*** Dataset section Section Begins ***

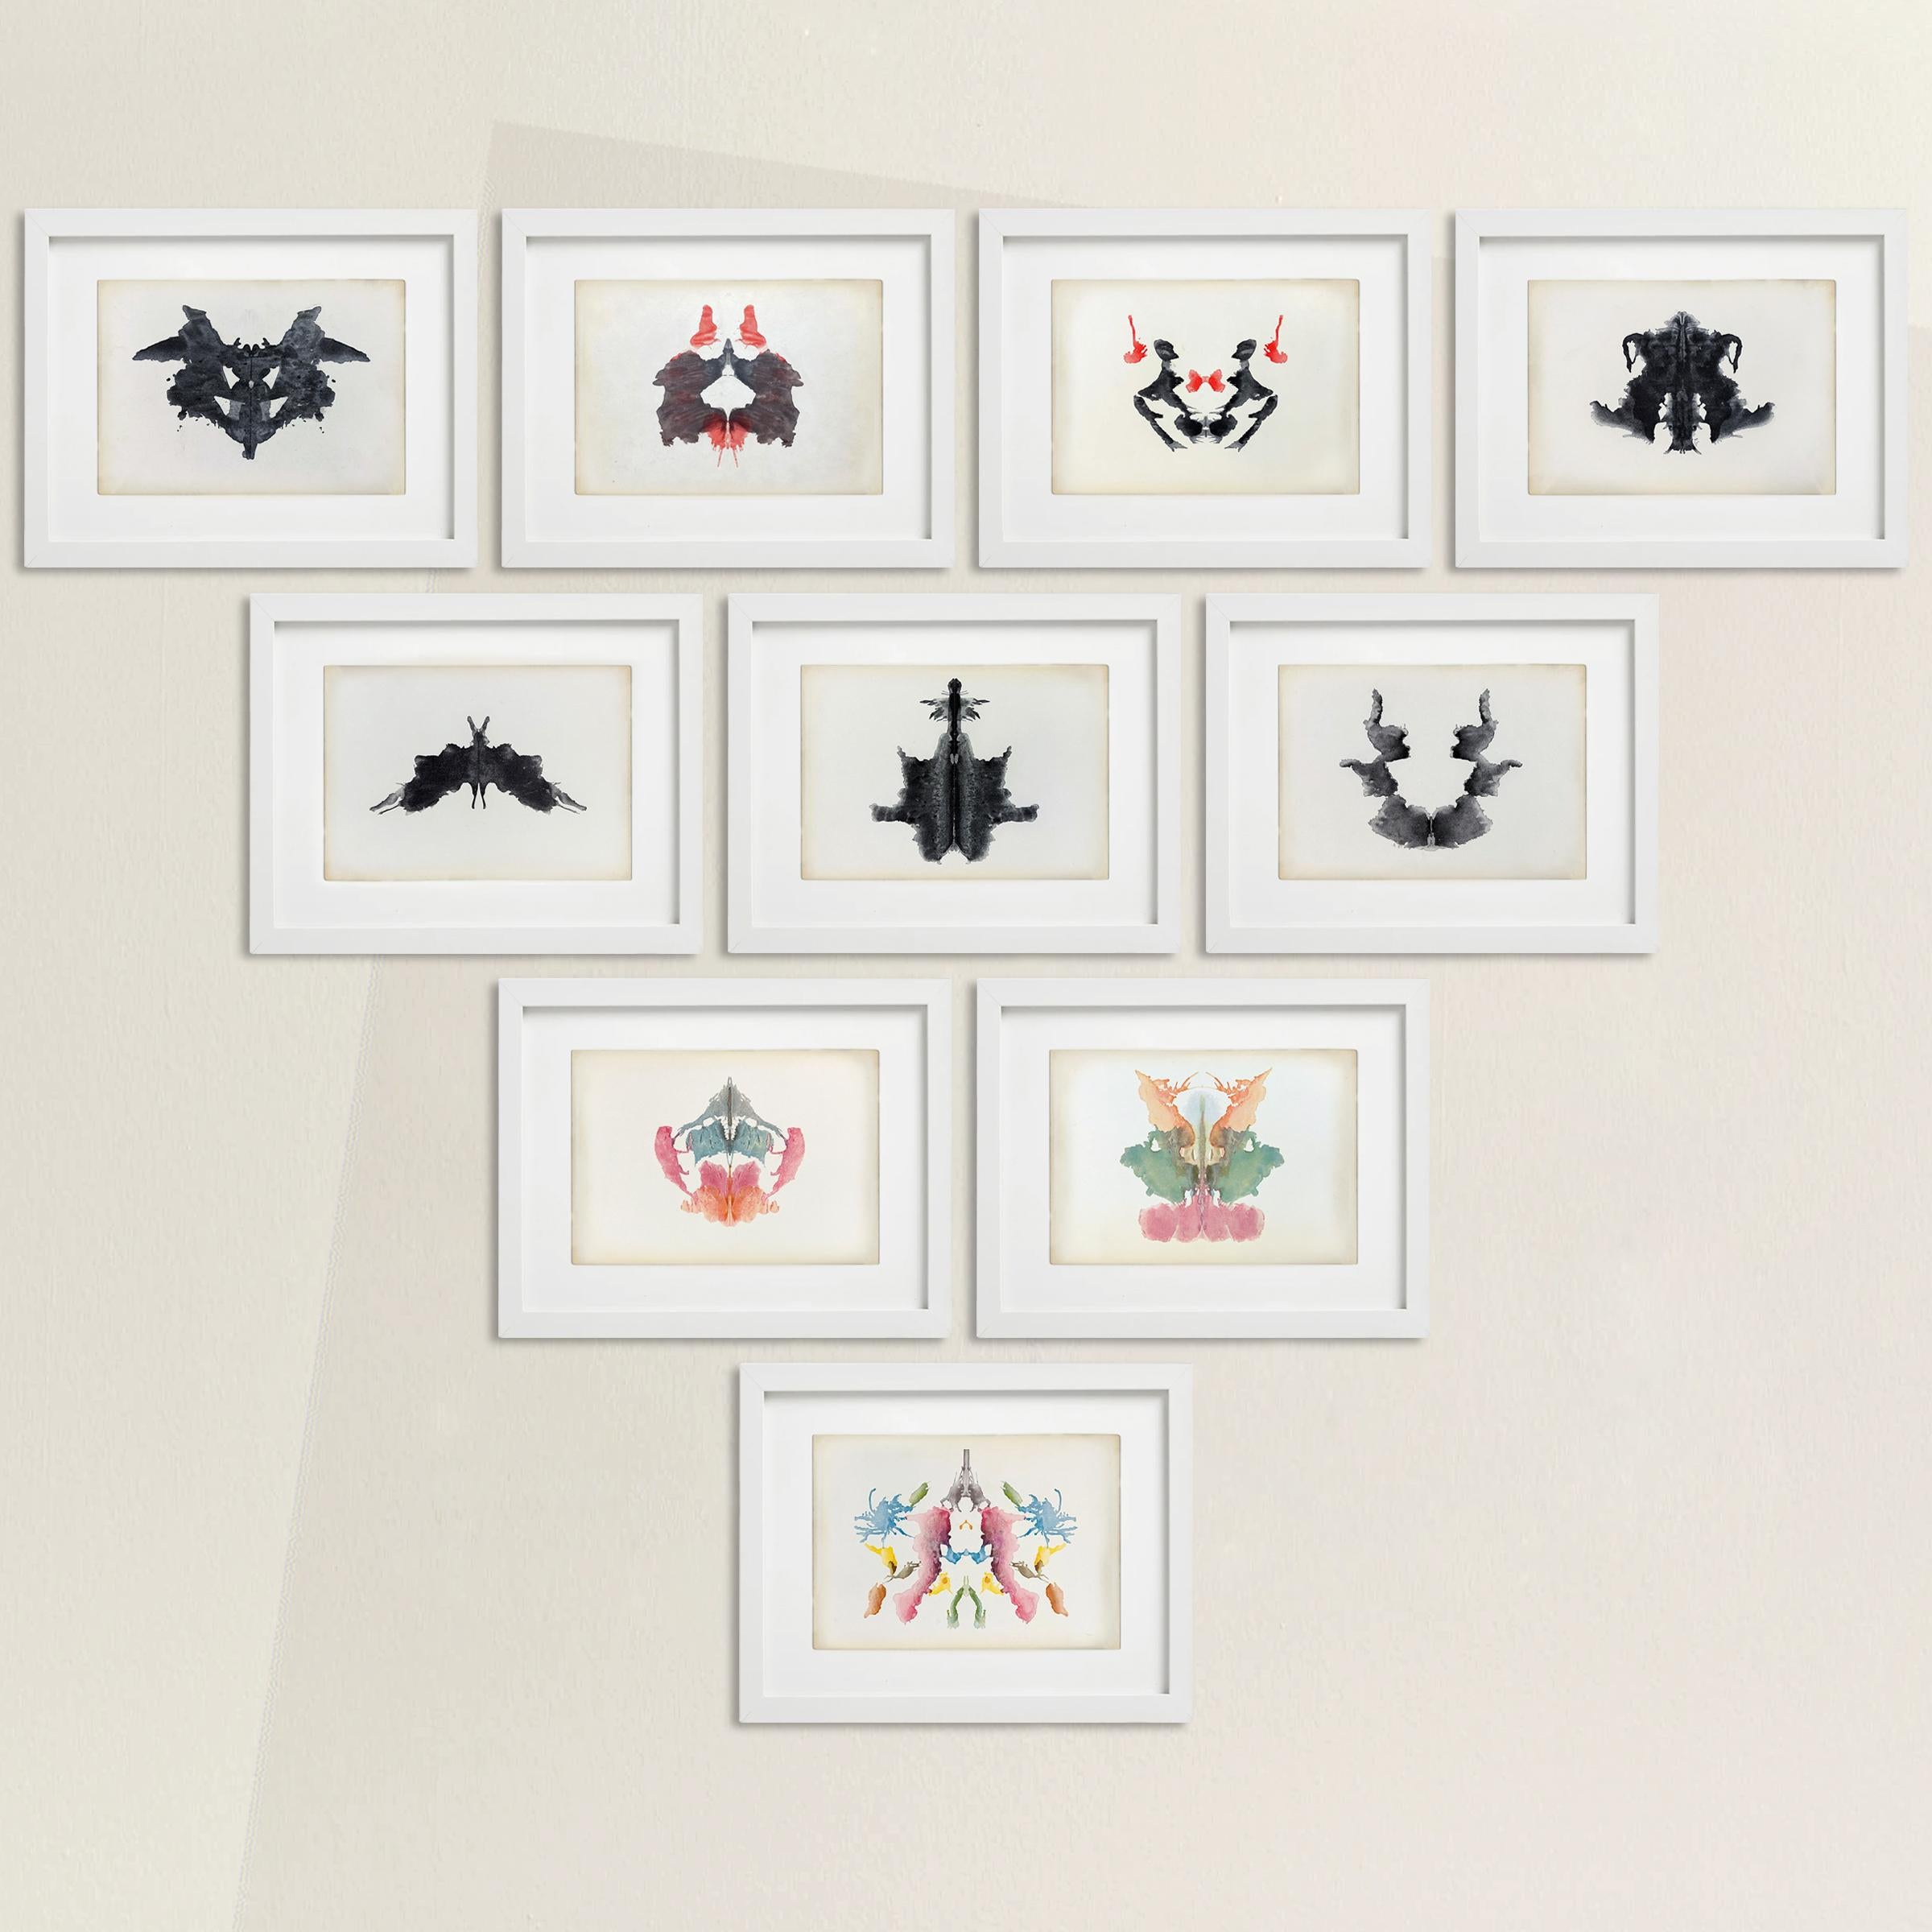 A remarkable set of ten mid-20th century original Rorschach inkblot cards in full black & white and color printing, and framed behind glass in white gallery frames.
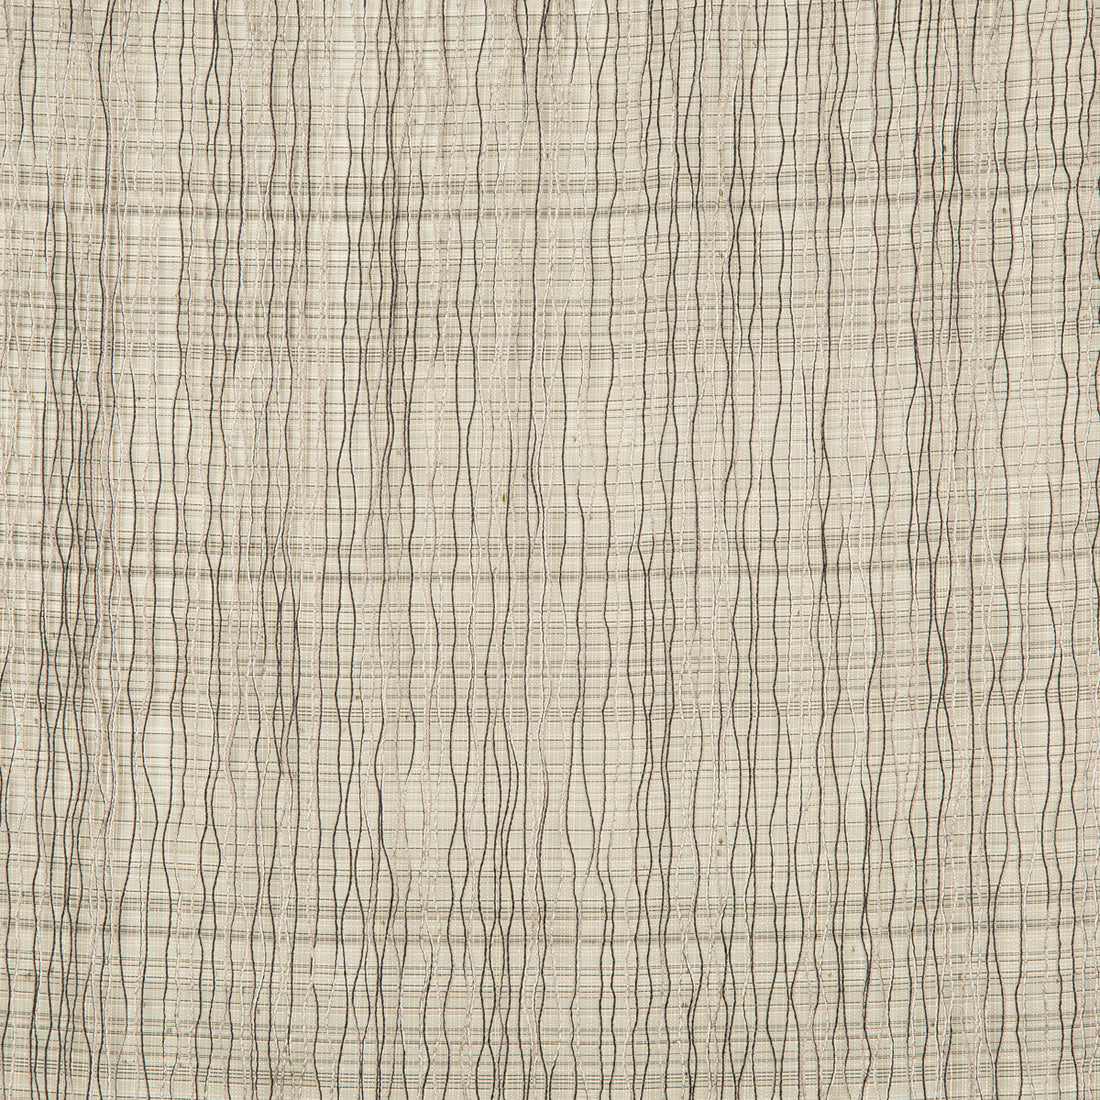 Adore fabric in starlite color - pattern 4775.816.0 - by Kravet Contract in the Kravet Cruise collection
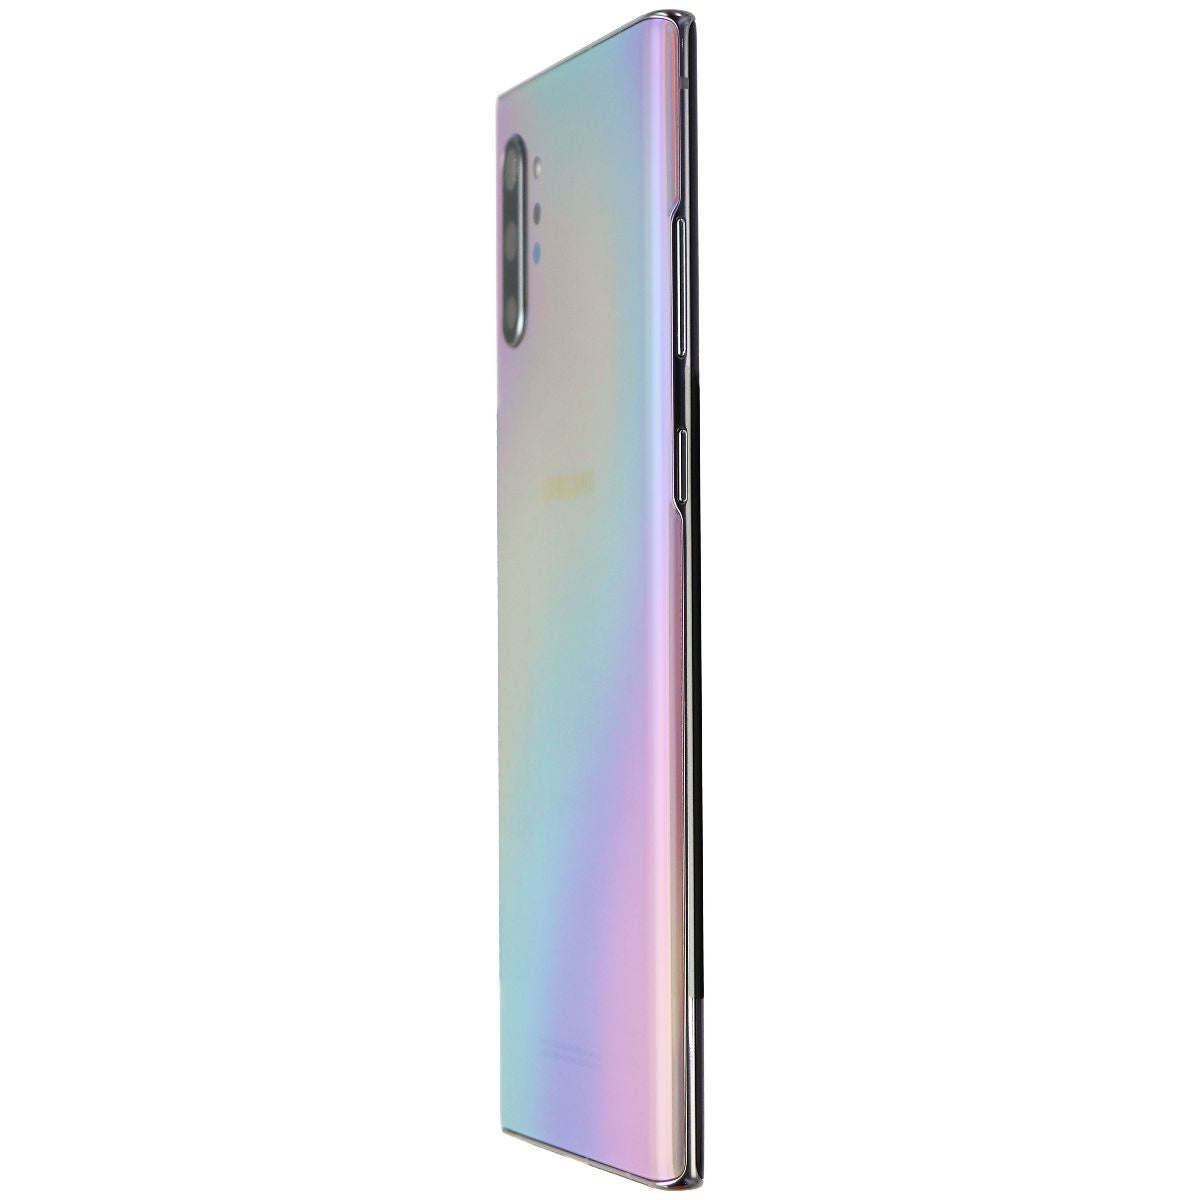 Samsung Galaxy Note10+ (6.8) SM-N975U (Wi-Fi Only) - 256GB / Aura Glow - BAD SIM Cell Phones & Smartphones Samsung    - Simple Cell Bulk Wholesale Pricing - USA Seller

*** Dataset section Section Ends ***

- To do -
The expected output is an exact copy of the lines from the top of the data above through the line containing "Adore fabric in", both included, with every picture omitted.

- Exercise output -
 A remarkable set of ten mid-20th century original Rorschach inkblot cards in full black & white and color printing, and framed behind glass in white gallery frames.
 Adore fabric in starlite color - pattern 4775.816.0 - by Kravet Contract in the Kravet Cruise collection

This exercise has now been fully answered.